“At the end of the day, at the end of the month, at the end of my life – I want to know that I contributed more than I criticized.” – Brene Brown
How we speak to ourselves has a huge effect on how we navigate our everyday lives.
And we all talk to ourselves, whether we are conscious of it or not.
“Self-talk” or “internal dialogue” provides our brains an opportunity to process experiences as they happen daily.
When our self-talk is constructive we are better at finding alternative routes, uncovering resources, and moving ourselves forward.
When self-talk is dysfunctional we are more likely to overthink, focus on thoughts of blame and shame, magnify worst-case scenarios, and get stuck in black and white thinking.
And since the things we tell ourselves can affect and drive how we feel, act and react – it’s smart to care about what is actually being said.
To improve your self-talk and leadership skills here are things to think on and steps to take as you get started.
- Understand Positivity is Not Always Positive
Toxic positivity-style self-talk is the opposite of constructive. It’s the idea that if we are not being “positive” with our thoughts, our attitudes, or what we say and do then we are doing it wrong. It is insincere, delegitimizes real feelings and hardships, and creates a vacuum for shame. Nothing good comes from a place of shame.

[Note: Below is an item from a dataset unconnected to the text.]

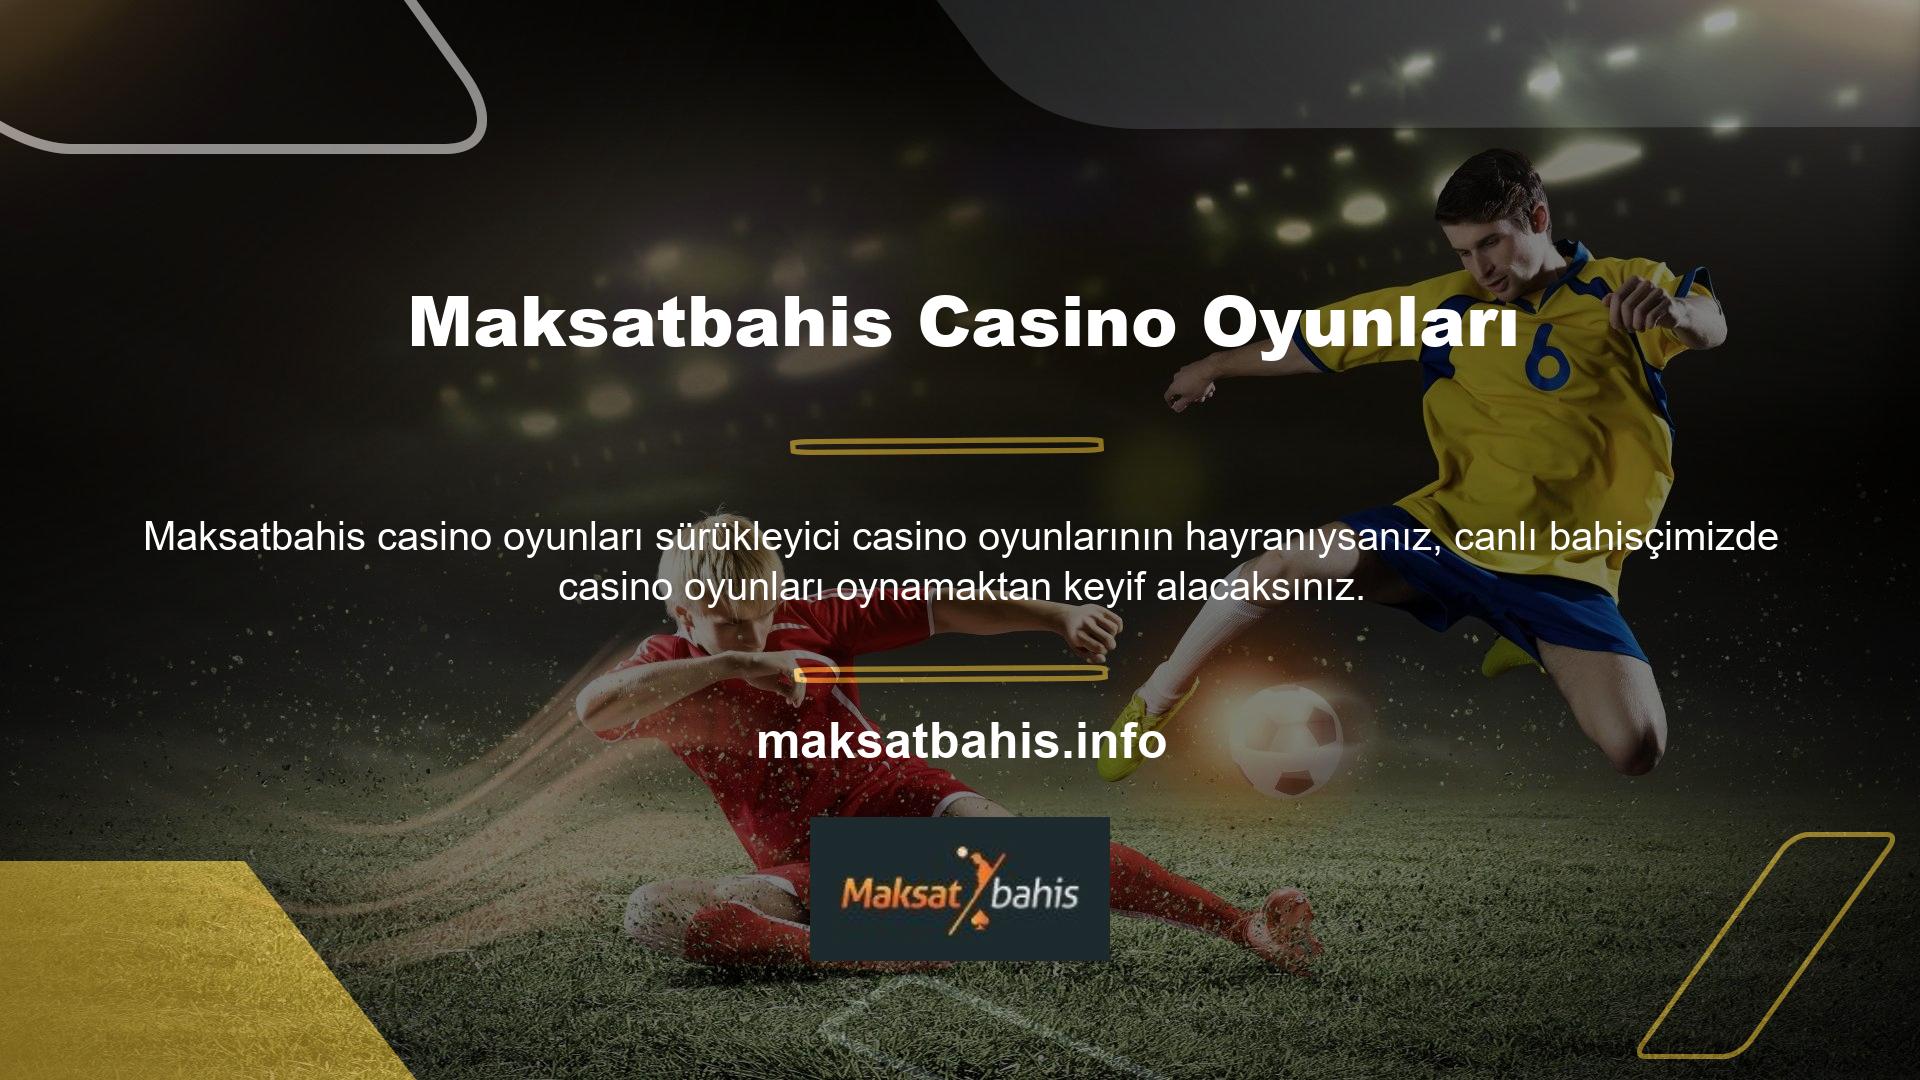 Şu anda, en iyi Türk çevrimiçi casino sitelerinin çoğu rulet, blackjack, poker, bakara ve daha fazlasını sunuyor

- Pay attention to discern, not judge
When you start to actively practice paying attention to your self-talk it becomes easier to discern which ones inspire feelings, thoughts, actions, and reactions that work for you and which ones don’t.
- Replace limiting thoughts with a wider view
Instead of narrowly focusing on our fears or threats, self-talk that addresses reality and acknowledges our feelings gives us a hill to climb on revealing a broader view of both our situation and ways to manage it.
- Focus on facts when feelings overwhelm
When our emotions intensify, we are more apt to act out in ways we will regret later. Our ability to see clearly gets distorted and leaves to chance, basing our decisions on something that “feels true” but actually isn’t. Take a breath, talk to yourself about the things you know for certain, facts about the situation that can’t be argued. Then question each one to really determine if it’s a fact, feeling, or a perception.
- Engage in “put your mask on first” style self-talk
Get in the habit of asking yourself what your needs are on a regular basis so it becomes second nature to make sure you get enough oxygen before you try to save or serve anyone else. Practicing self-talk that promotes putting your needs on a pedestal is not selfish but necessary. Try to get anywhere without a basic diet of everyday self-care and you’ll find you won’t get very far. You’ll be too focused on how exhausted you are or distracted by all the ways you don’t feel good to really bring your best self to situations as they arise.
Whether you want to improve an area of your life, are struggling through uncertainty, or find that a certain situation in your life doesn’t seem to change despite all your efforts, choosing to focus on a practice of constructive self-talk is always a good move.